Remember, though, that we rounded to the nearest hundredth, so don't forget to account for that. Enjoy your new knowledge and keep measuring with a smile!
To find the total surface area of Kym's sawhorse, we need to calculate the area of each face and then sum them up.
The sawhorse has six faces: top, bottom, front, back, left, and right.
To find the area of a rectangular face, we multiply its length by its width.

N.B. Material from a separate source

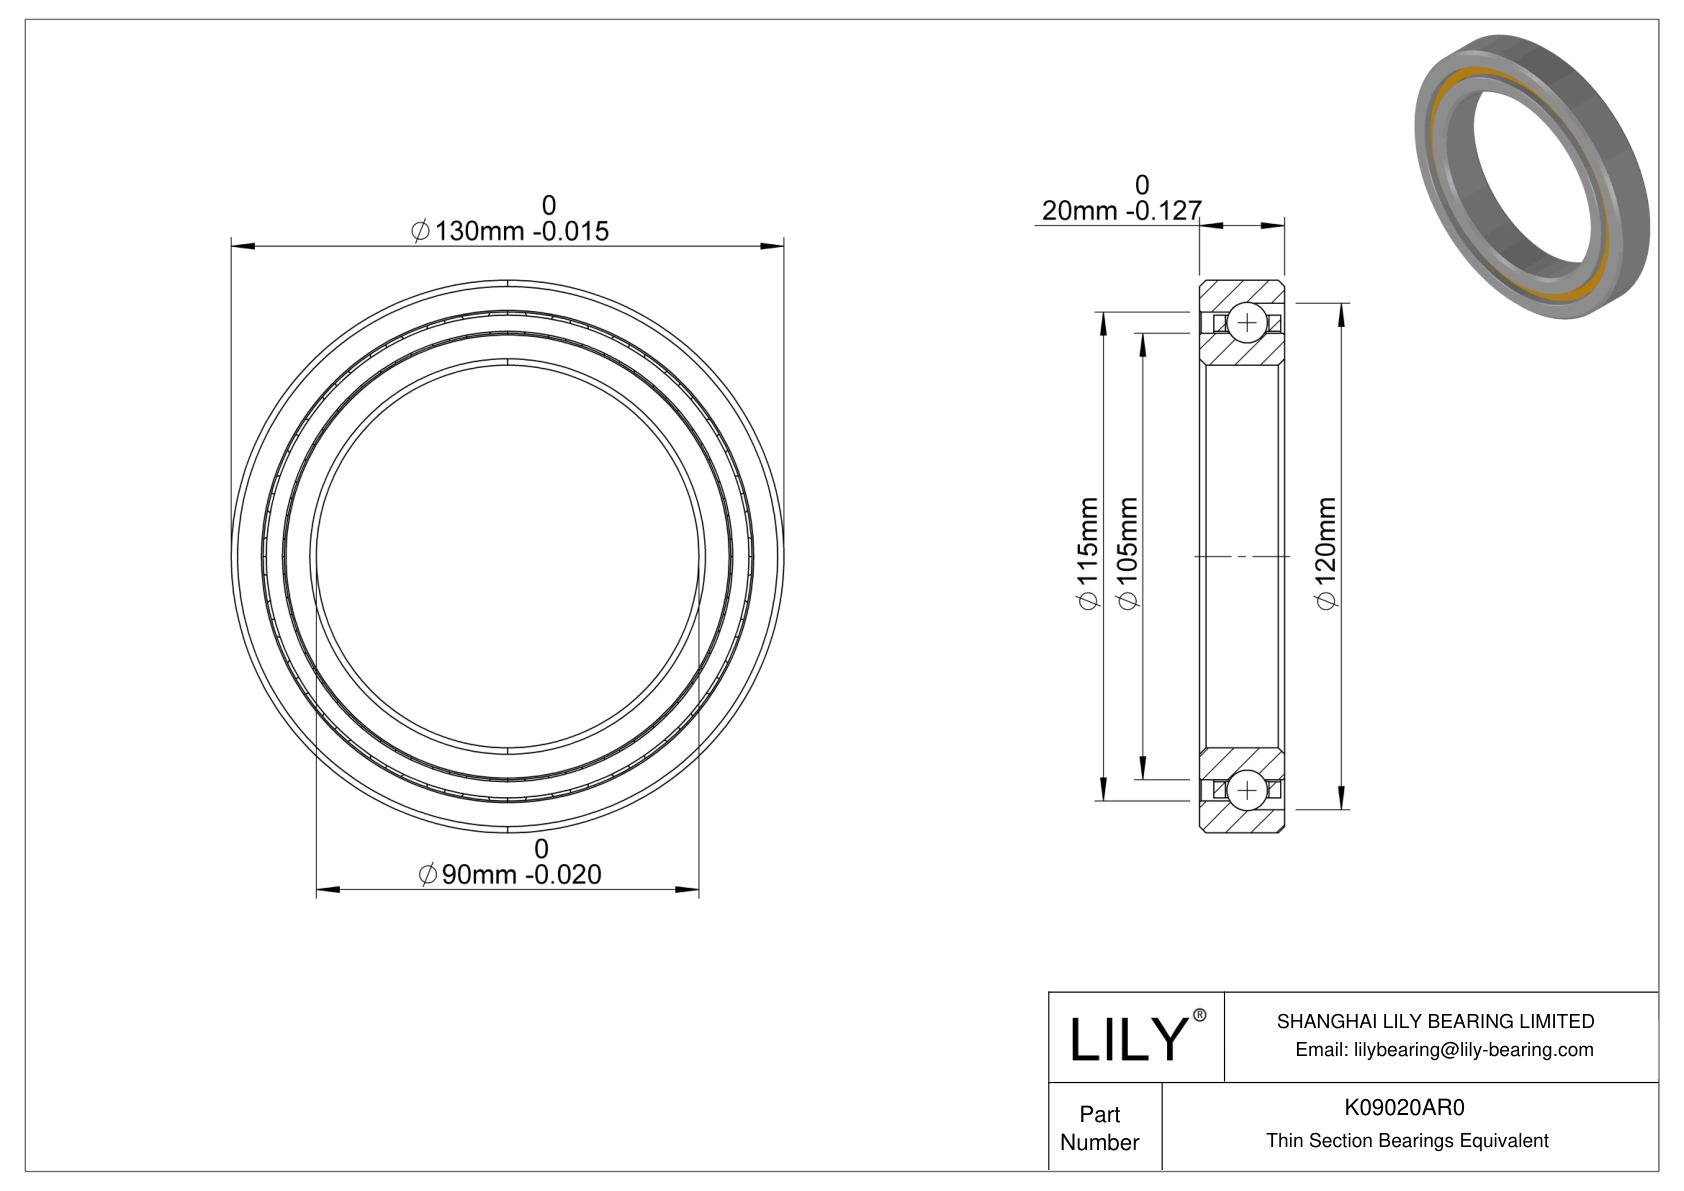 K09020AR0 Constant Section (CS) Bearings cad drawing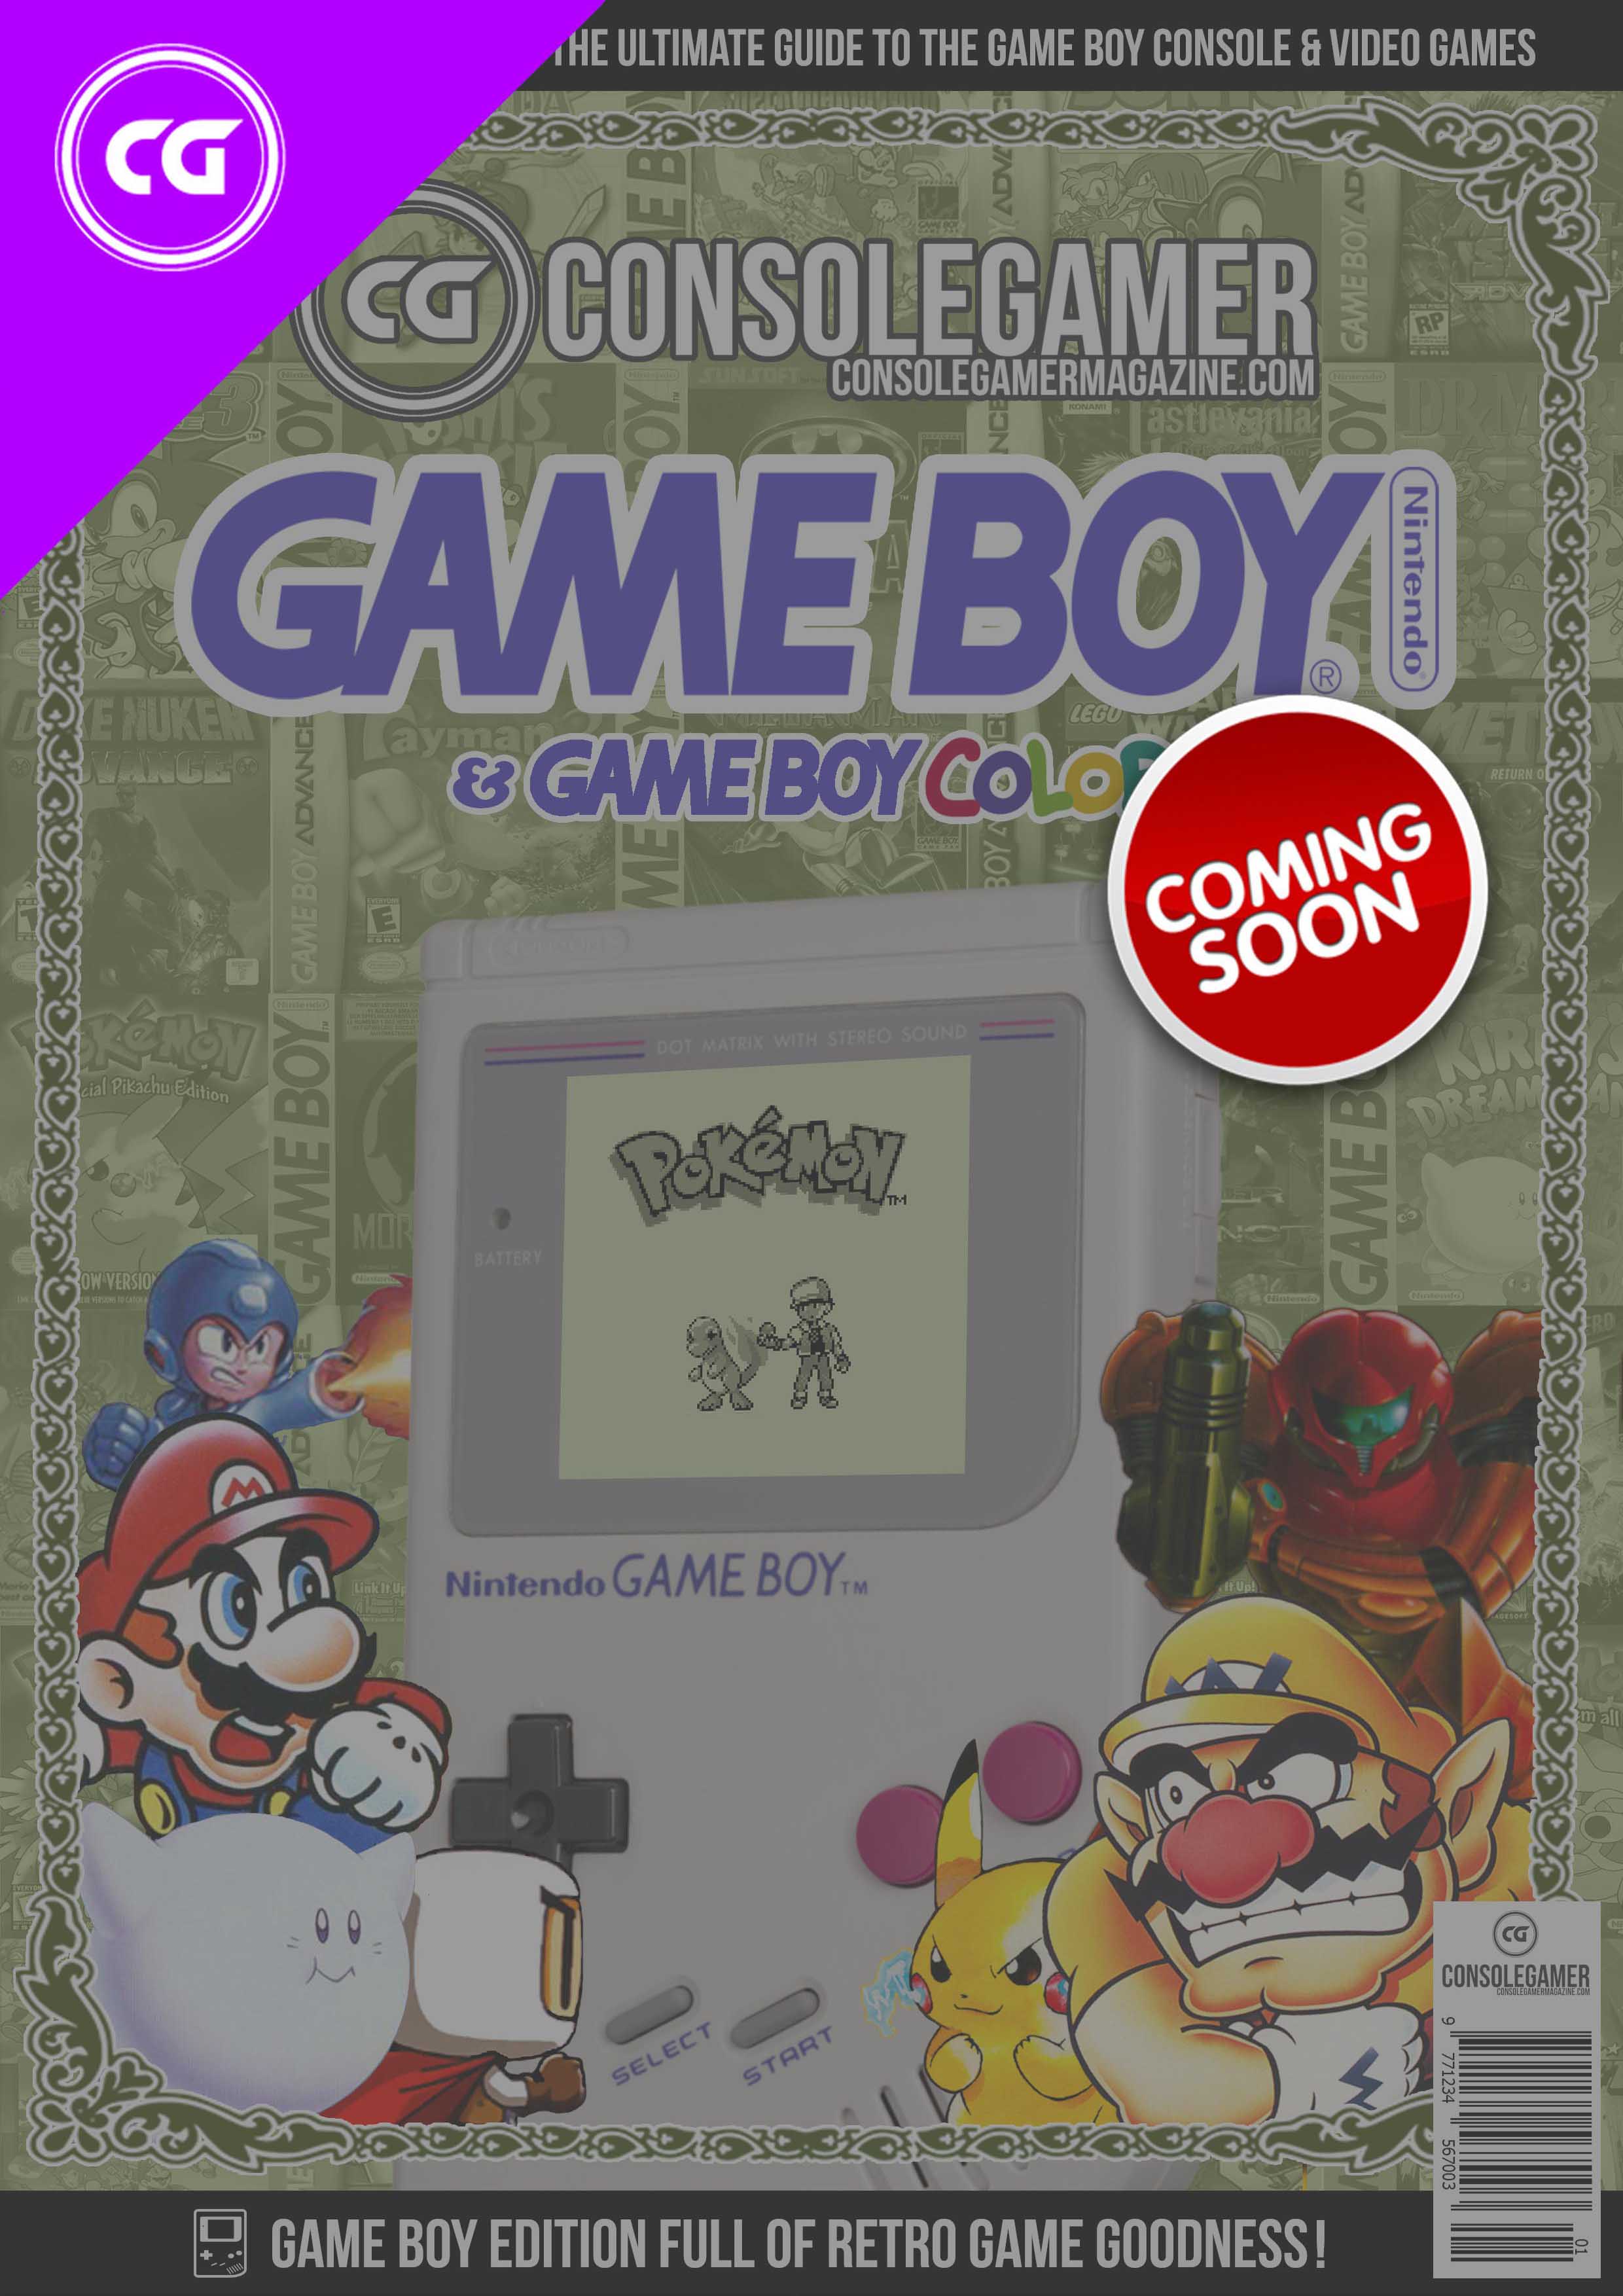 Console Gamer Magazine issue 4 gameboy classic

Area of top face = Length × Width
Area of top face = 27 inches × 19 inches = 513 square inches
Area of bottom face = Length × Width
Area of bottom face = 27 inches × 19 inches = 513 square inches
Area of front face = Length × Height
Area of front face = 27 inches × 39 inches = 1053 square inches
Area of back face = Length × Height
Area of back face = 27 inches × 39 inches = 1053 square inches
Area of left face = Width × Height
Area of left face = 19 inches × 39 inches = 741 square inches
Area of right face = Width × Height
Area of right face = 19 inches × 39 inches = 741 square inches
Now, let's calculate the diagonal measurement of each face using the Pythagorean theorem.
For the top face:
Diagonal of top face = √(Length^2 + Width^2)
Diagonal of top face = √(27 inches^2 + 19 inches^2) ≈ 33.61 inches
For the bottom face:
Diagonal of bottom face = √(Length^2 + Width^2)
Diagonal of bottom face = √(27 inches^2 + 19 inches^2) ≈ 33.61 inches
For the front face:
Diagonal of front face = √(Length^2 + Height^2)
Diagonal of front face = √(27 inches^2 + 39 inches^2) ≈ 47.43 inches
For the back face:
Diagonal of back face = √(Length^2 + Height^2)
Diagonal of back face = √(27 inches^2 + 39 inches^2) ≈ 47.43 inches
For the left face:
Diagonal of left face = √(Width^2 + Height^2)
Diagonal of left face = √(19 inches^2 + 39 inches^2) ≈ 43.13 inches
For the right face:
Diagonal of right face = √(Width^2 + Height^2)
Diagonal of right face = √(19 inches^2 + 39 inches^2) ≈ 43.13 inches
Now we have all the areas and diagonal measurements for each face. To find the total surface area, we sum up the areas of all the faces.
Total surface area = 2 × (Area of top face + Area of bottom face + Area of front face + Area of back face + Area of left face + Area of right face)
Total surface area = 2 × (513 square inches + 513 square inches + 1053 square inches + 1053 square inches + 741 square inches + 741 square inches)
Total surface area ≈ 6978 square inches
Therefore, the total surface area of Kym's sawhorse is approximately 6978 square inches.